Dave Parkinson

Personal information
- Full name: David Parkinson
- Born: 21 March 1923 Cessnock, New South Wales, Australia
- Died: 23 October 1978 (aged 55)

Playing information
- Position: Fullback
Club
| Years | Team | Pld | T | G | FG | P |
| 1940–43 | Cessnock |  |  |  |  |  |
| 1944–46 | Balmain | 32 | 5 | 0 | 0 | 15 |
| 1947 | Babinda |  |  |  |  |  |
| 1948 | Balmain | 21 | 2 | 1 | 0 | 8 |
| 1949 | Parkes |  |  |  |  |  |
| 1950–5? | Cessnock |  |  |  |  |  |
|  | Total | 53 | 7 | 1 | 0 | 23 |
Representative
| Years | Team | Pld | T | G | FG | P |
| 1946 | Sydney |  |  |  |  |  |
| 1946 | Australia | 3 | 0 | 0 | 0 | 0 |
| 1946 | New South Wales | 1 | 1 | 0 | 0 | 3 |
| 1954 | Newcastle |  |  |  |  |  |
- Relatives: Keith Parkinson (brother)

= Dave Parkinson =

Australia international rugby league footballer

Dave Parkinson (21 March 1923 – 23 October 1978) was an Australian professional rugby league footballer who played in the 1940s and 1950s. An Australian international and New South Wales interstate representative , he played club football in the Newcastle Rugby League for Cessnock, in Sydney's NSWRFL Premiership for Balmain, and also in country Queensland and New South Wales during his career.
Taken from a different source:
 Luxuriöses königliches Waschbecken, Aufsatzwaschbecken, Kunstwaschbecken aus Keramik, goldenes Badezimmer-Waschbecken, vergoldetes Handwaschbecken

Parkinson played four seasons in Newcastle for the Cessnock club before moving to Sydney. Signing with the Balmain club, the 1944 NSWRFL season was his first and at the end of it he played in the Premiership Final against Newtown which the Tigers won 12-8. Balmain again reached the final in the 1945 NSWRFL season, which was a 22-18 loss against Eastern Suburbs.
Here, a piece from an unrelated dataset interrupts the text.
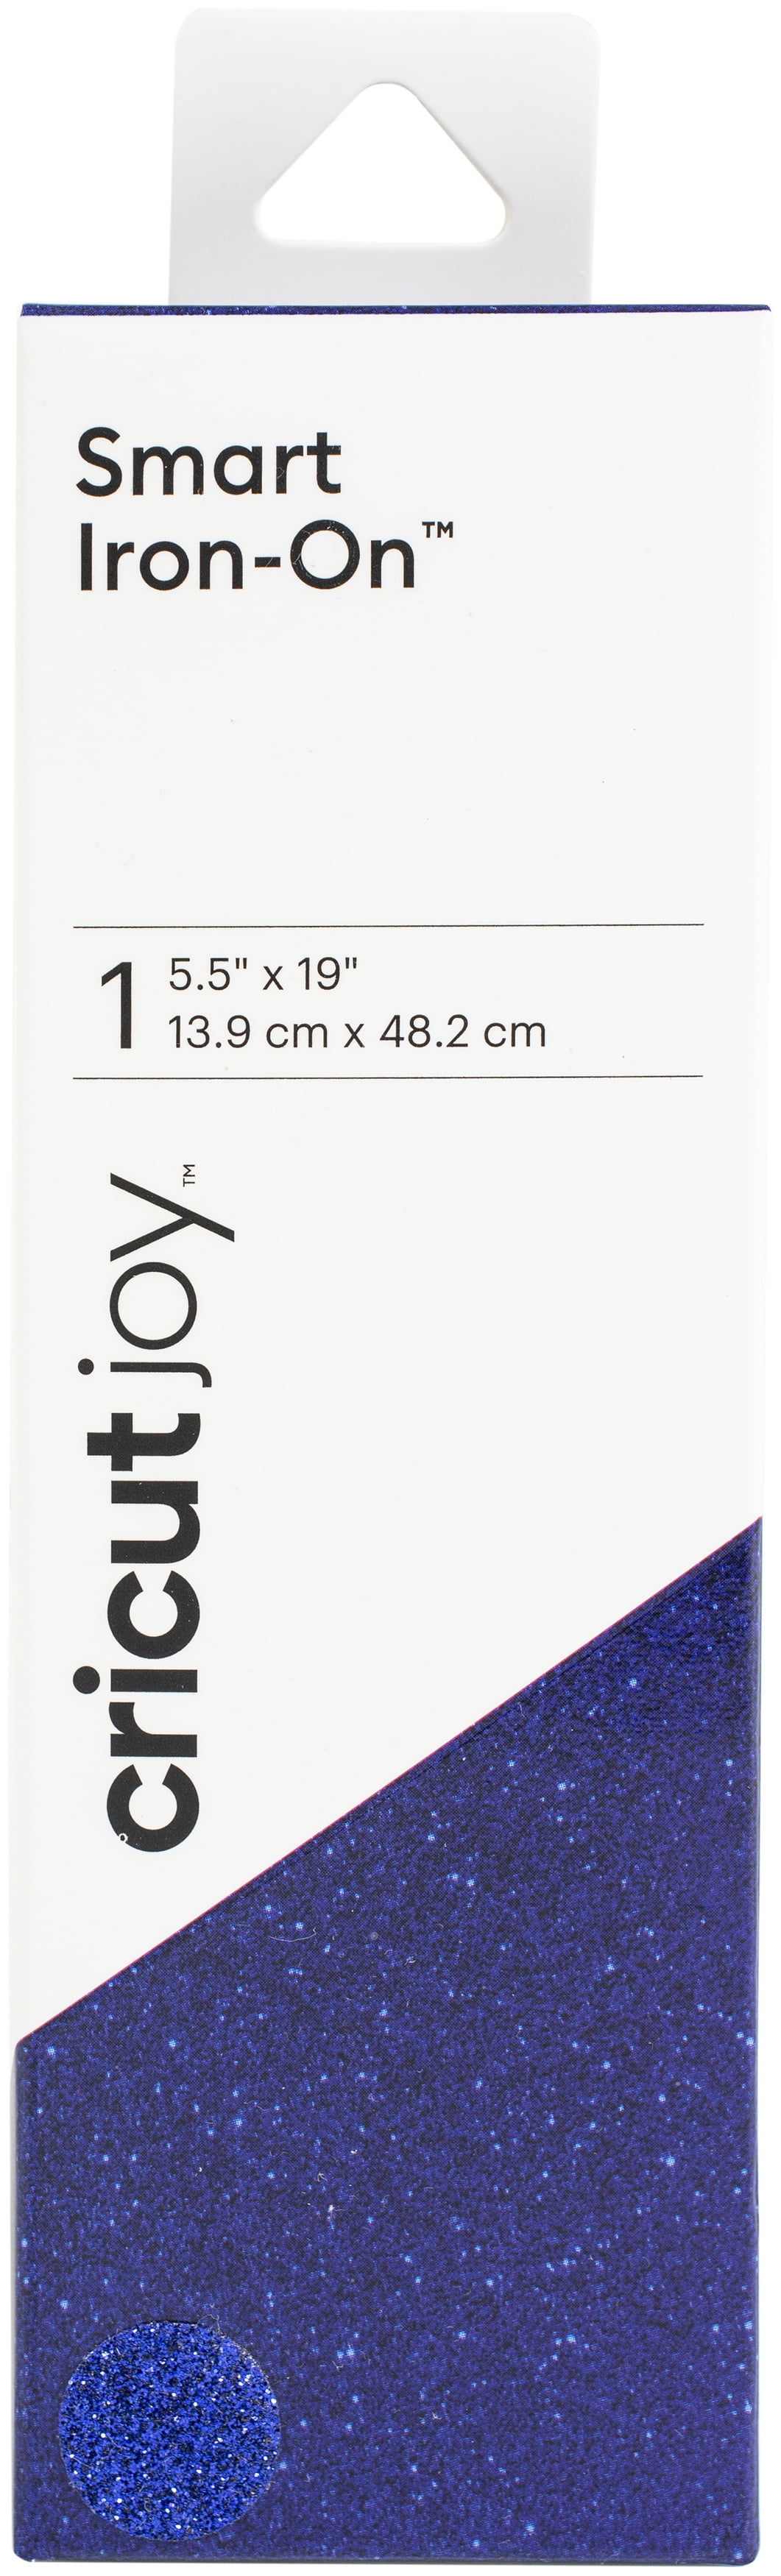 Cricut Joy™ Smart Iron-On™ Vinyl Glitter, White, 5.5 x 19

The following season Parkinson was selected to play representative football for Sydney against South Coast and then during the 1946 Great Britain Lions tour was a surprise selection for Australia, becoming Kangaroo no. 229 when he was chosen to play at fullback in all three tests against the touring Great Britain team. He made several try-saving tackles, which earned him praise as the Kangaroos held Great Britain to an 8-all draw in the first test. Parkinson retained his place for the second test which the British won 14-5. Again playing at fullback in the third test, after only 7 minutes Parkinson was tackled heavily and suffered a broken bone in his ankle. However he continued playing and Australia were further depleted when Arthur Clues was sent off for punching and the Kangaroos lost 20-7. Due to his injury Parkinson missed Balmain's victory over St George in the 1946 premiership decider. The following season he played in Queensland for Babinda as again Balmain won the premiership. Parkinson returned for the 1948 NSWRFL season and once again Balmain reached the premiership decider but lost 8-5 to Western Suburbs.

Parkinson played at Parkes in 1949, then rejoined Cessnock in 1950. He played at fullback and kicked goals in each of Cessnock's Newcastle Rugby League grand finals wins of 1950, 1954 and 1955. During the 1954 Great Britain Lions tour he captained Newcastle in 11-10 and 28-22 wins against Great Britain. Parkinson also enjoyed Newcastle Rugby League premierships with his club, Cessnock in 1954 and 1955.